Ros Barber's The Marlowe Papers, a novel written entirely in verse, has won the annual Desmond Elliott Prize for debut fiction.
The book explores the intrigue around the death of Christopher Marlowe and the authorship of Shakespeare's plays.
Joanne Harris, the chair of judges, described the novel as a "unique historical conspiracy story".
The £10,000 prize is named after the distinguished publisher and literary agent Desmond Elliott who died in 2003.
Barber, already a published poet, beat fellow debut authors Jenni Fagan, shortlisted for The Panopticon, and Gavin Extence, for The Universe Versus Alex Woods.
Harris said: "Barber's novel stood out from the shortlist because it is a unique historical conspiracy story that engages all the senses.
"It is as enticing as a top-flight thriller, with the welcome addition of gorgeous, evocative language as visual and concise as a screenplay.
"The Marlowe Papers is technically accomplished and hugely impressive in both style and scope, enhanced by being written in verse, it is certainly an ambitious undertaking for a new novelist - I cannot wait to read Barber's next book."
The Marlowe Papers was longlisted for this year's Women's Fiction Prize.

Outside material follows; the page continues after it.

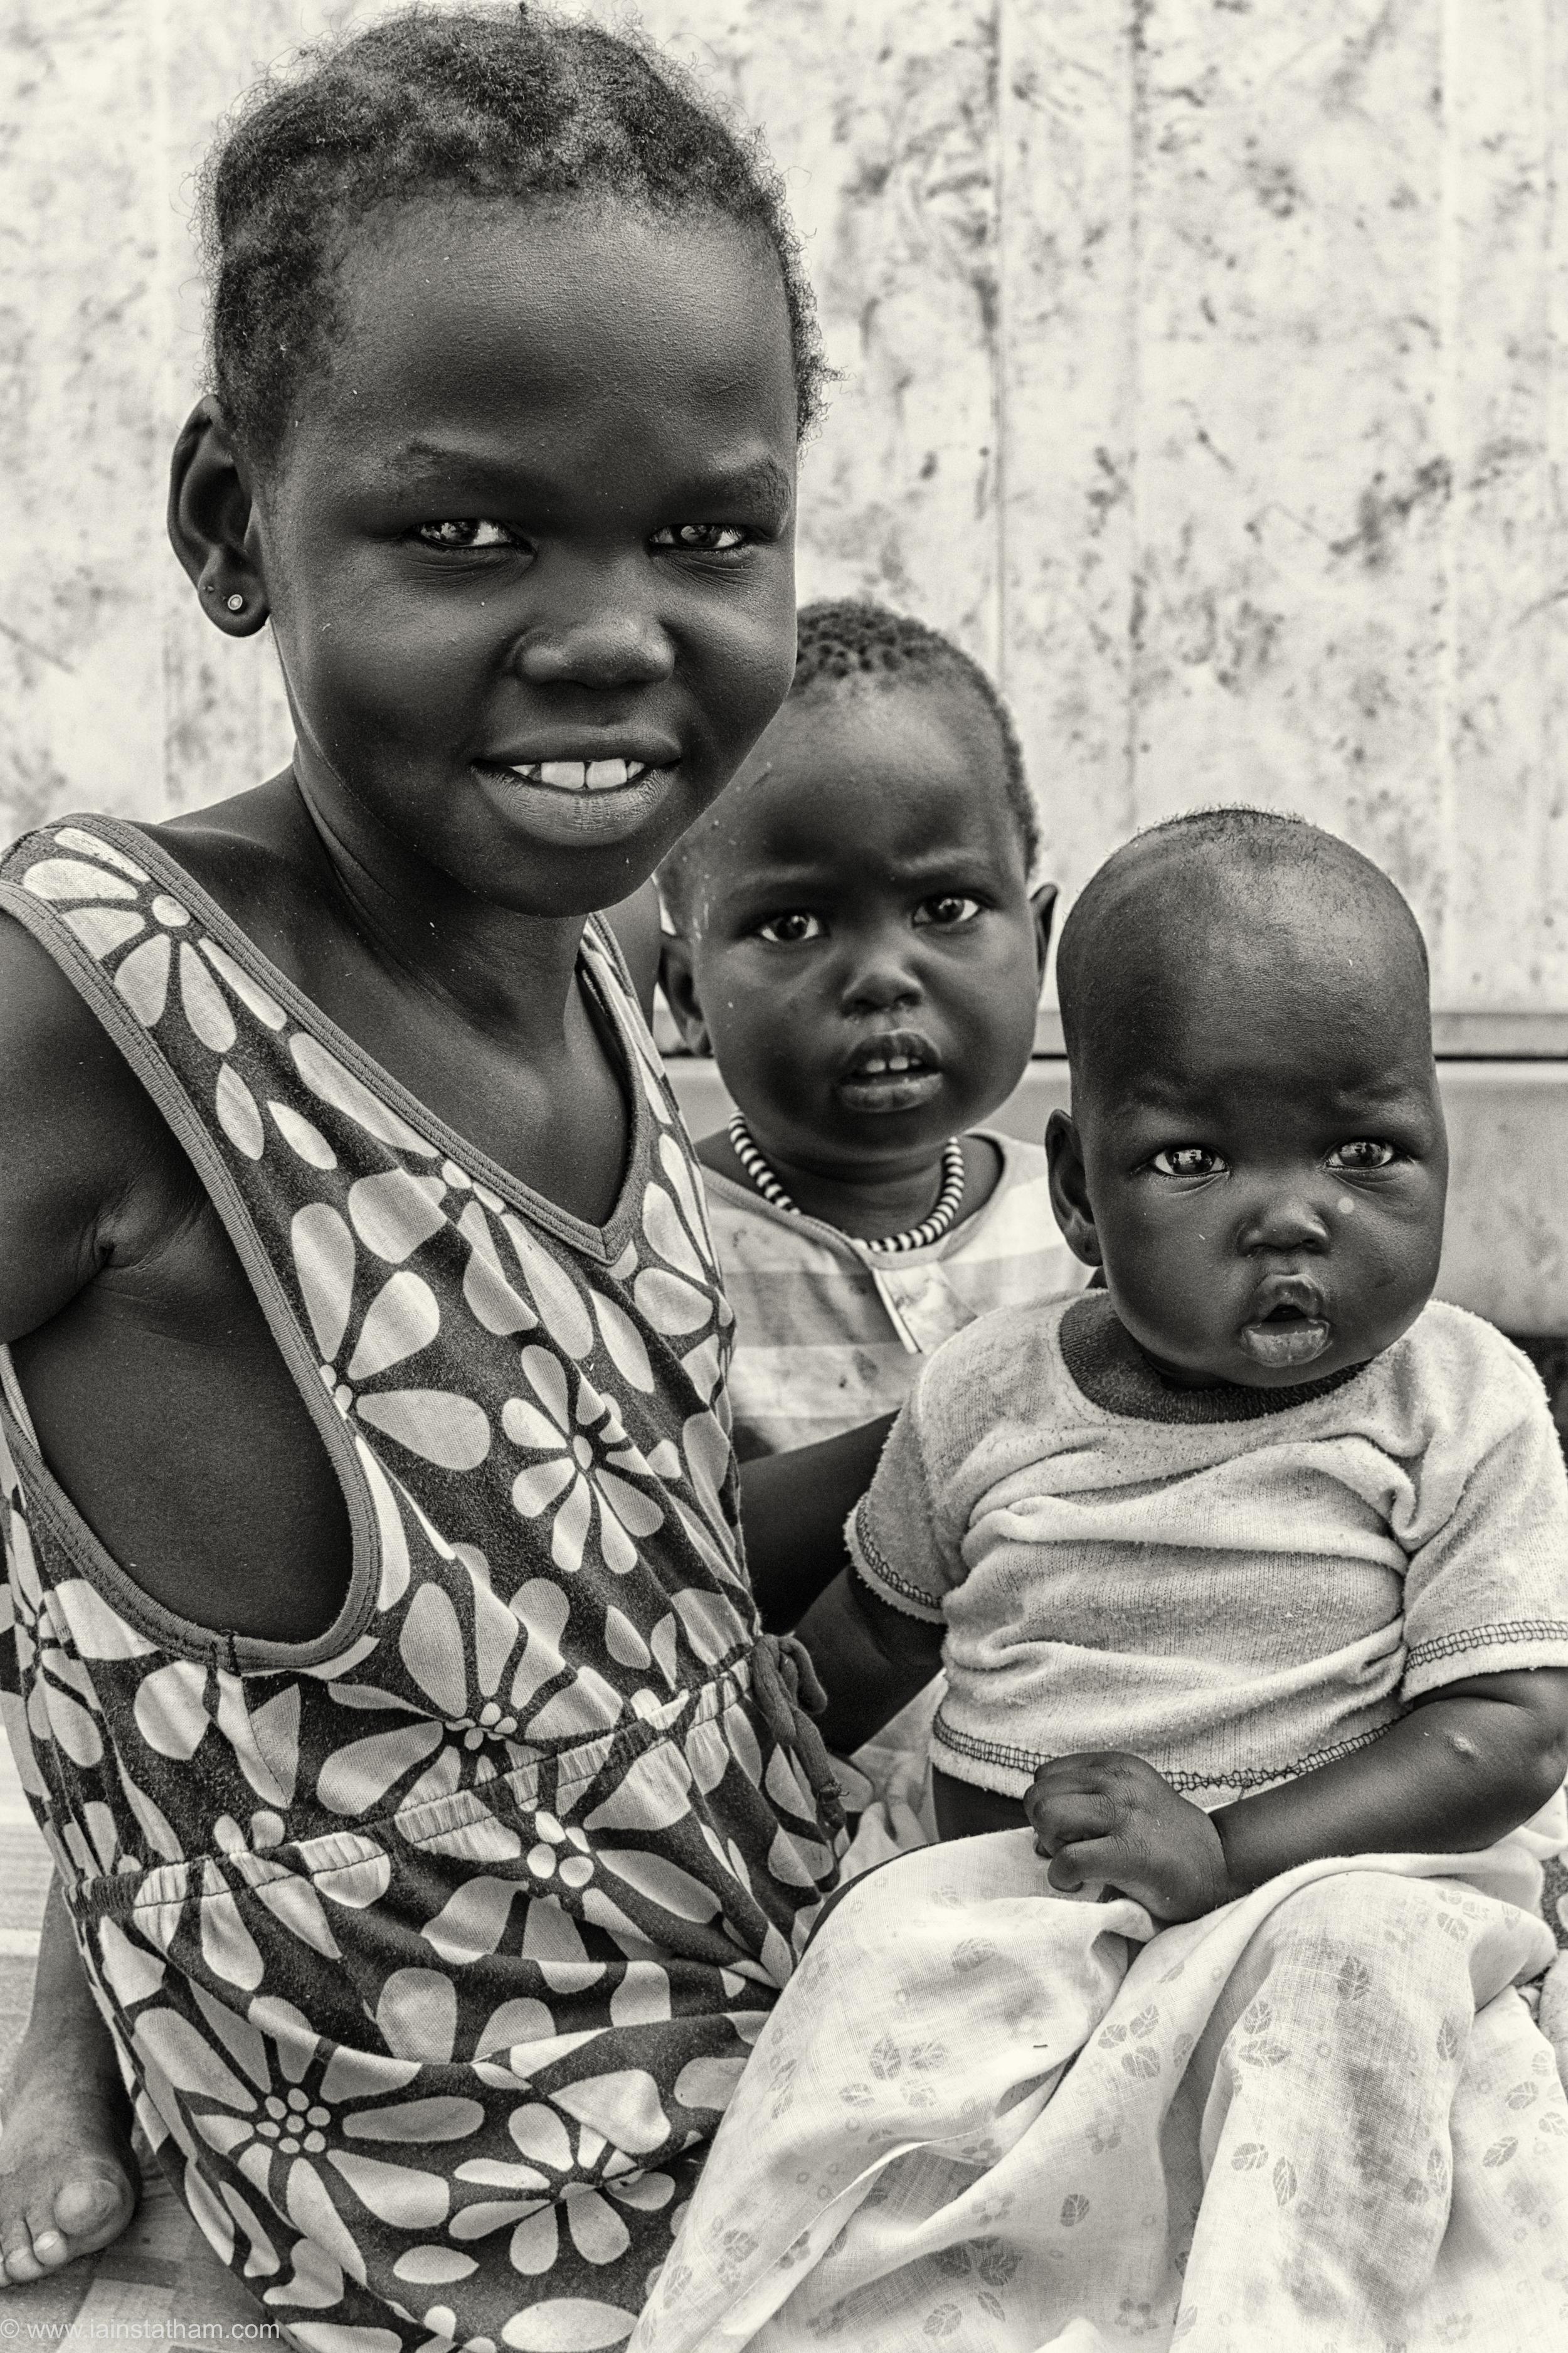 ug - south sudan refugees - dziapi - bw-13.jpg

US-born Barber was inspired to write her debut novel while watching a Channel 4 documentary in which Shakespeare scholar Jonathan Bate dismissed the theory that playwright Marlowe was the true author of the works of Shakespeare as the stuff of fiction.
The former computer programmer worked on the book for four years as part of a PhD.
In her story, Marlowe's "death" in a tavern brawl is revealed to be a ruse to avoid being hanged for heresy; and he is spirited abroad where he writes plays in exile under the name of William Shakespeare.
Now in its sixth year, the prize's past winners include Grace McCleen (The Land of Decoration, 2012) and Anjali Joseph (Saraswati Park, 2011).
Barber was born in Washington DC, where her father was working for the US government, and grew up in Essex, later moving to Sussex to study. She now lives in Brighton and has four children.
She is the author of three volumes of poetry and she was recently appointed associate of the Shakespearian Authorship Trust - a charity which aims "to seek, and if possible establish, the truth concerning the authorship of Shakespeare's plays and poems".
The authorship debate was in the spotlight in 2011 when Roland Emmerich's film, Anonymous, portrayed Shakespeare (played by Rafe Spall) as an inarticulate buffoon.
Rhys Ifans played Edward de Vere - the 17th Earl of Oxford - who was credited as the true genius behind the words of the Bard.